The Federal Government may be considering increasing petrol price as part of efforts to resolve perennial fuel shortages.
If the plan sails through, government may also have to abandon its
policy of fixing the pump price of petrol in order to allow independent
marketers resume the importation of fuel to sell at profitable margins,
sources at the Petroleum Product Pricing Resulated Agency (PPPRA) have
said.
According to the sources, the resumption of products importation by
marketers will be an indication that price regulation by government may
no longer be feasible since the recent price modulation by the Petroleum
Products Pricing Regulatory Agency (PPPRA) has failed to resolve the
crises.
A credible source from the agency further stated that petrol may now
be sold for N130 per litre. Already, fuel queues have resurfaced at most
fuel stations in Abuja few days after disappearing.
This is even as fears have been expressed that the national budget could
suffer a major cash flow setback as prices of crude shed $5 per barrel
as at weekend while output dropped further due to attacks on Chevron
facility by militants just before the budget was signed last week.

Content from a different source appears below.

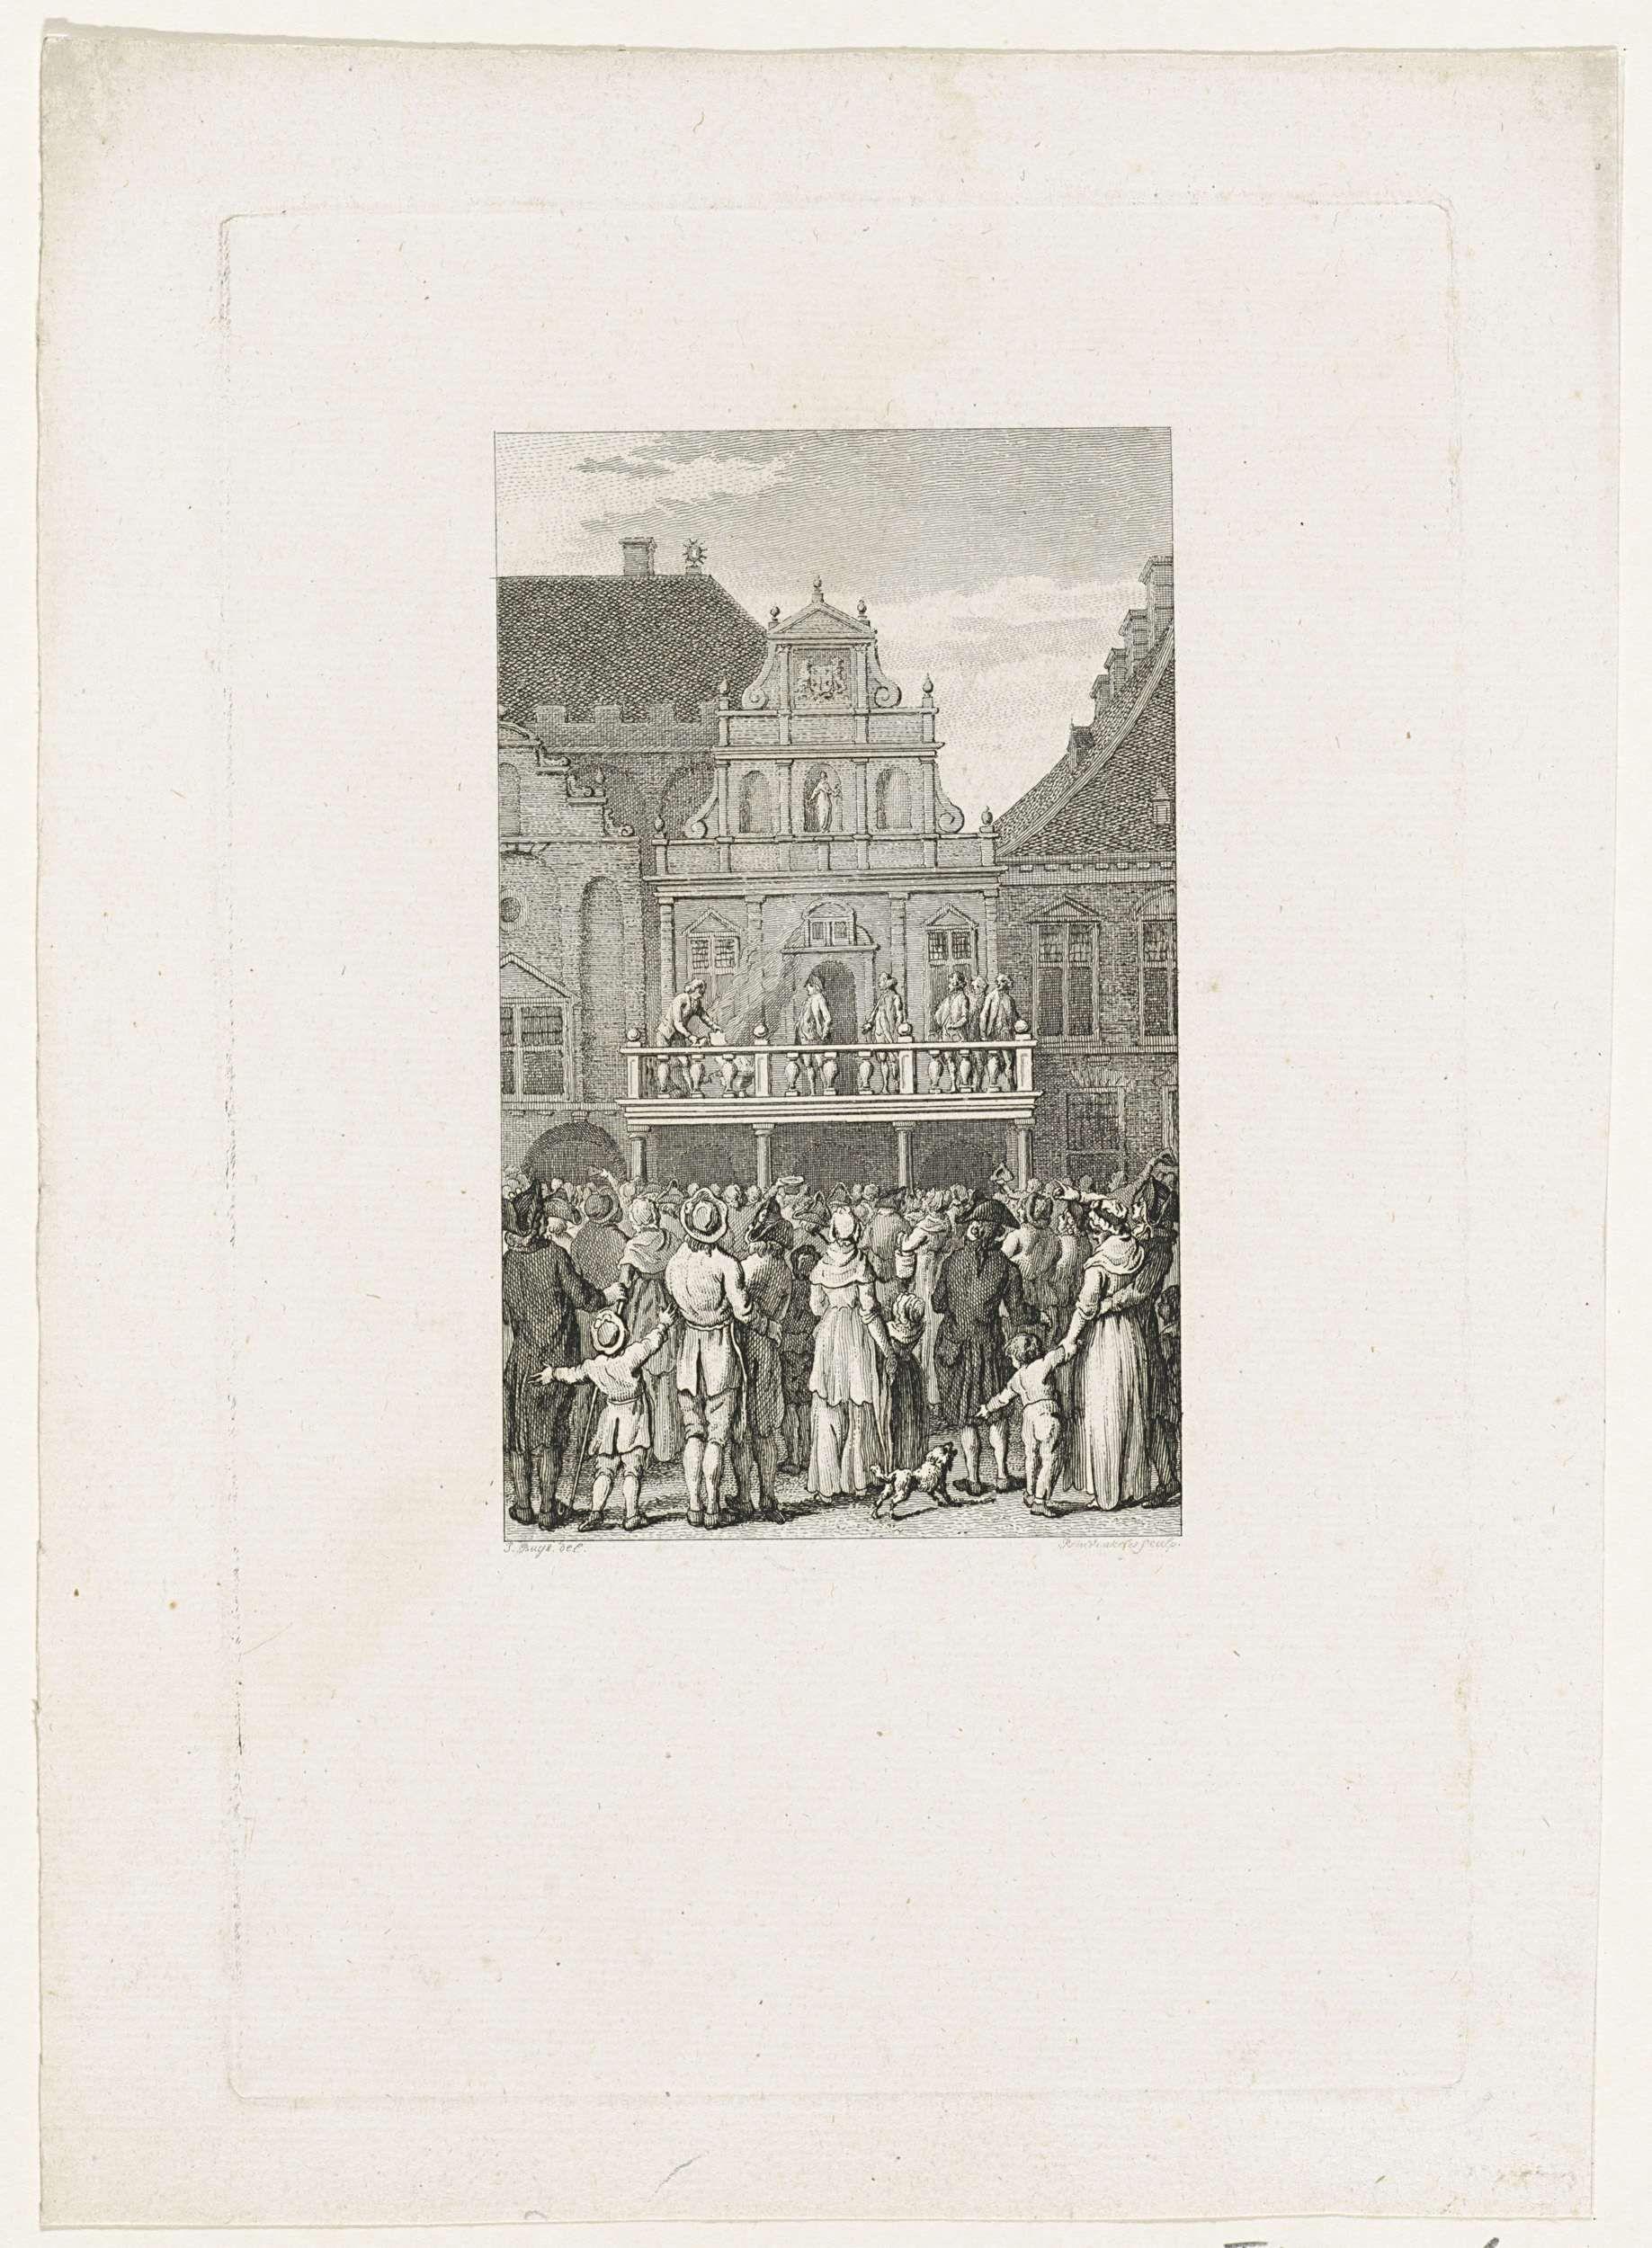 Reinier Vinkeles | Verbranding van een pamflet te Haarlem, 1790, Reinier Vinkeles, 1799 | Publieke verbranding van een fameus pamflet door de beul op een schavot voor het stadshuis te Haarlem, 23 maart 1790.

Government estimates that it may be losing over $22.8 million daily as a
result of the attack.
Sources revealed that after several meetings between oil sector
regulators and independents, government last week gave marketers
approval to source foreign exchange from the parallel market, which
means that the price of petrol may top N130 per litre from the current
modulated price set at N86.
However, petrol stations operated by the NNPC will continue to sell
petrol at the current price of around N86 as government intends to
continue to adjust prices at its stations under the modulation template
it recently introduced, the sources further said.

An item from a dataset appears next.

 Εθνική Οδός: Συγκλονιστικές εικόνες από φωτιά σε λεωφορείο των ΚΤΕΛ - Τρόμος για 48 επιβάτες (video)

It was also learnt that the Federal Government will not publicly announce this policy shift.
Meanwhile, Minister of State for Petroleum Resources, Ibe Kachikwu,
has said Nigeria was considering privatising its refineries within the
coming 12 months. The Minister said his team was working with oil majors
on improving Nigeria's four refineries.
Kachikwu was quoted in the April bulletin of the Organisation of
Petroleum Exporting Countries (OPEC) report to have said discussions are
ongoing on how to partner Chevron, Total and ENI.
According to the report, Nigeria has "seen a growing dependency on
fuel imports as a result of the underperformance of its refining plants
in Port Harcourt, Warri and Kaduna."
Kachikwu was quoted by Reuters as saying that Nigeria wants to
privatise the refineries within 12 months following the much-need
maintenance work.
"We have gotten commitments from some of the majors. Agip has
indicated interest to work with us on Port Harcourt, Chevron on Warri.
We are talking to Total on Kaduna," Kachikwu was quoted to have said.